Keppel Announces S\$350 Million Lease Extension Windfall from Genting Lane Data Centre Assets
Keppel Secures S\$350 Million Lease Extension Consideration for Genting Lane Data Centres
Key Transaction Details and Potential Impact for Shareholders
Keppel Ltd. has announced a significant development relating to its former interests in two data centre buildings—KDC SGP 7 and KDC SGP 8—located at 82 Genting Lane, Singapore. The company, together with a consortium of sellers and noteholders, has secured a S\$350.0 million consideration for the extension of the land tenure on these properties by an additional 10 years, taking the lease expiry from 2040 to 2050.
Key Points of the Report
- Background: Keppel had previously divested its interests in KDC SGP 7 and KDC SGP 8 to Perpetual (Asia) Limited, the trustee for KDCR Singapore Sub-Trust 1 (the “Purchaser”), which is wholly owned by Keppel DC REIT. Following the exercise of a call option, Keppel no longer holds any direct economic interest in these data centres.
- Lease Extension: The original lease with JTC Corporation was set to expire in July 2040. The consortium, including Keppel and other stakeholders, submitted an application to extend the lease by 10 years. JTC has now approved this extension, subject to specific conditions, including the development of a third data centre (KDC SGP 9) on the site.
- Consideration: The Purchaser will pay S\$350.0 million for the lease extension, with approximately S\$70.9 million attributable to Keppel based on its effective economic interests.
- Payment Undertaking Deeds: In the event that the lease extension is not granted or certain negative conditions arise, Keppel and its partners may be subject to clawback obligations for their share of the consideration, finance costs, and other expenses, up to a specified cap.
- Side Agreements: Keppel has also entered into side agreements with its partners to cover a portion of their possible finance costs or expenses, for which Keppel will receive a 5% per annum fee on any amounts paid on their behalf.
- Amended Sub-Lease for KDC SGP 9: The sub-lease agreement for the planned third data centre has been amended to reflect the new lease expiry and to clarify that Memphis 2 (the developer) will not be liable for compensation if the lease extension fails due to its non-fulfilment of conditions.
Important Shareholder Information and Potential Price-Sensitive Issues
- Material Financial Impact:
- If the transaction had been completed by the end of 2024, Keppel’s net tangible asset (NTA) per share would have increased from S\$5.12 to S\$5.16, and earnings per share (EPS) for 2024 would have jumped from 51.6 cents to 55.7 cents.
- However, if Keppel were required to pay the maximum potential clawback amounts under the undertaking agreements, NTA per share would instead fall to S\$5.09 and EPS to 48.3 cents.
- This means the transaction has a positive potential impact, but shareholders should be aware of the contingent liabilities that could partially offset these gains if adverse events occur.
- Conditionality and Risks:
- The S\$350 million consideration is conditional on the lease extension terms not being prejudicial to Keppel DC REIT, Memphis 1, or the property value. If the extension is not confirmed, or if the terms are unacceptable, Keppel and its partners may have to return their portion of the consideration, including additional finance costs and expenses.
- The maximum clawback for Keppel is capped at approximately S\$106.7 million in consideration and S\$18.3 million in finance costs and other expenses; for the entire consortium, the cap is S\$41.7 million for finance costs and expenses.
- Shareholders should note that these contingent liabilities are material and could impact Keppel’s financials if triggered.
- Strategic Implications:
- The successful extension and monetization of the Genting Lane data centre assets reinforce Keppel’s ability to unlock value from its data centre platform. The transaction also highlights the ongoing collaboration between Keppel, Temasek-related entities, and other partners in the digital infrastructure sector.
- Related Party Transactions:
- Temasek Holdings, as Keppel’s controlling shareholder, has indirect interests in the transaction, but these are limited to its shareholdings in Keppel, Keppel DC REIT, and Cuscaden Peak Investments.
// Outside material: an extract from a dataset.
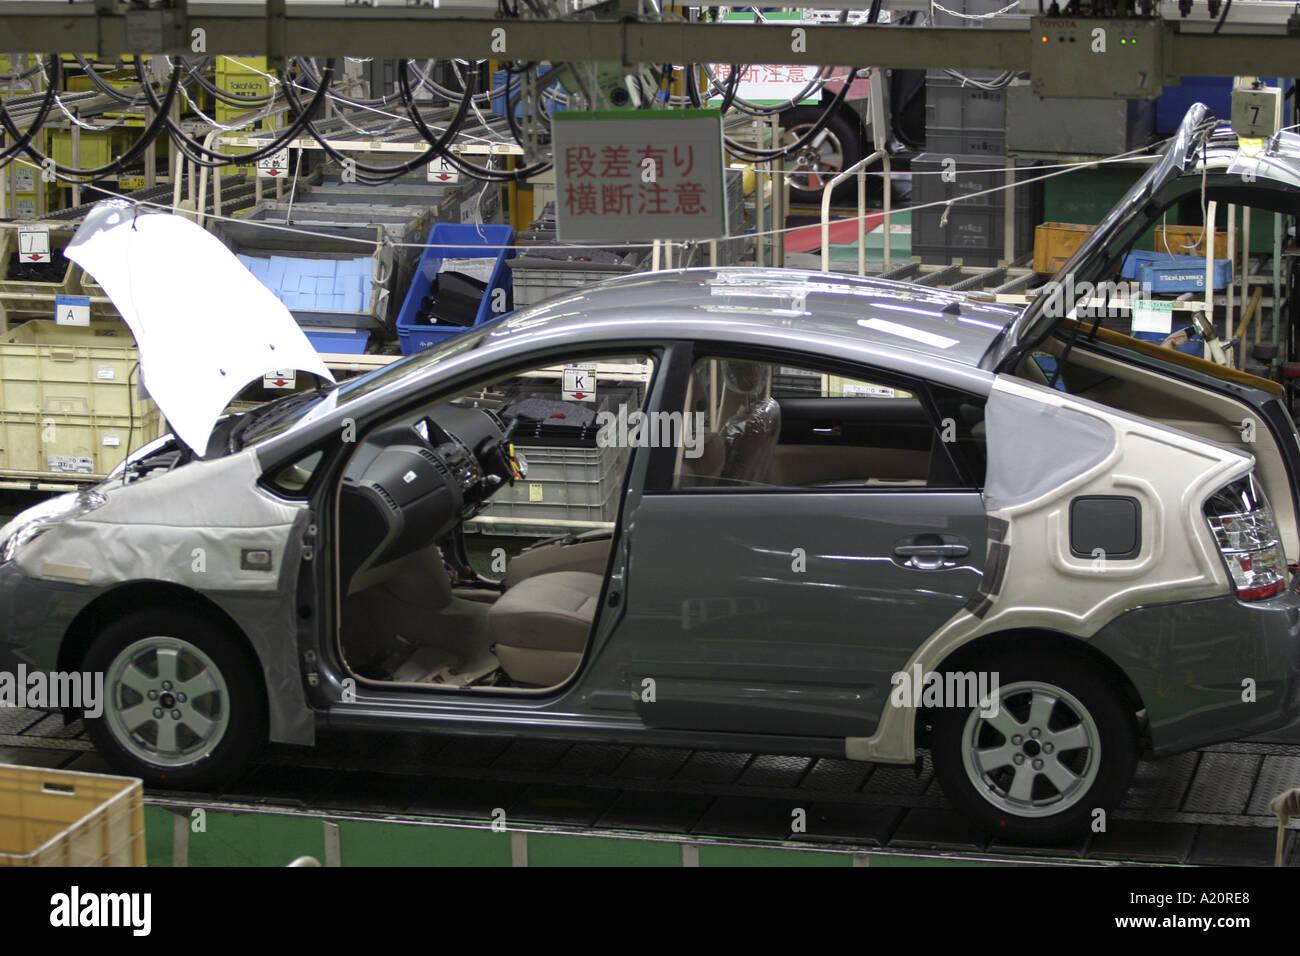 Une voiture hybride Toyota Prius en cours d'assemblage sur la chaîne de production à l'usine de Tsutsumi La Ville de Toyota, à Nagoya, Japon Photo Stock

- No Keppel directors have any material direct or indirect interest in the transaction, aside from possible shareholdings in the REIT or related funds.
Conclusion
This transaction is highly significant and price-sensitive. It represents a substantial gain for Keppel and its partners, with the potential to lift both earnings and asset values. However, investors should be aware of the contingent clawback provisions, which could partially or fully offset these gains if the lease extension is not confirmed or adverse conditions are triggered. The transaction further solidifies Keppel’s role in the data centre sector, which is a key growth area for the company.
Disclaimer: This article is based on publicly available information from Keppel Ltd.’s disclosures. It is not intended as investment advice. Investors should conduct their own due diligence or consult with a professional advisor before making investment decisions.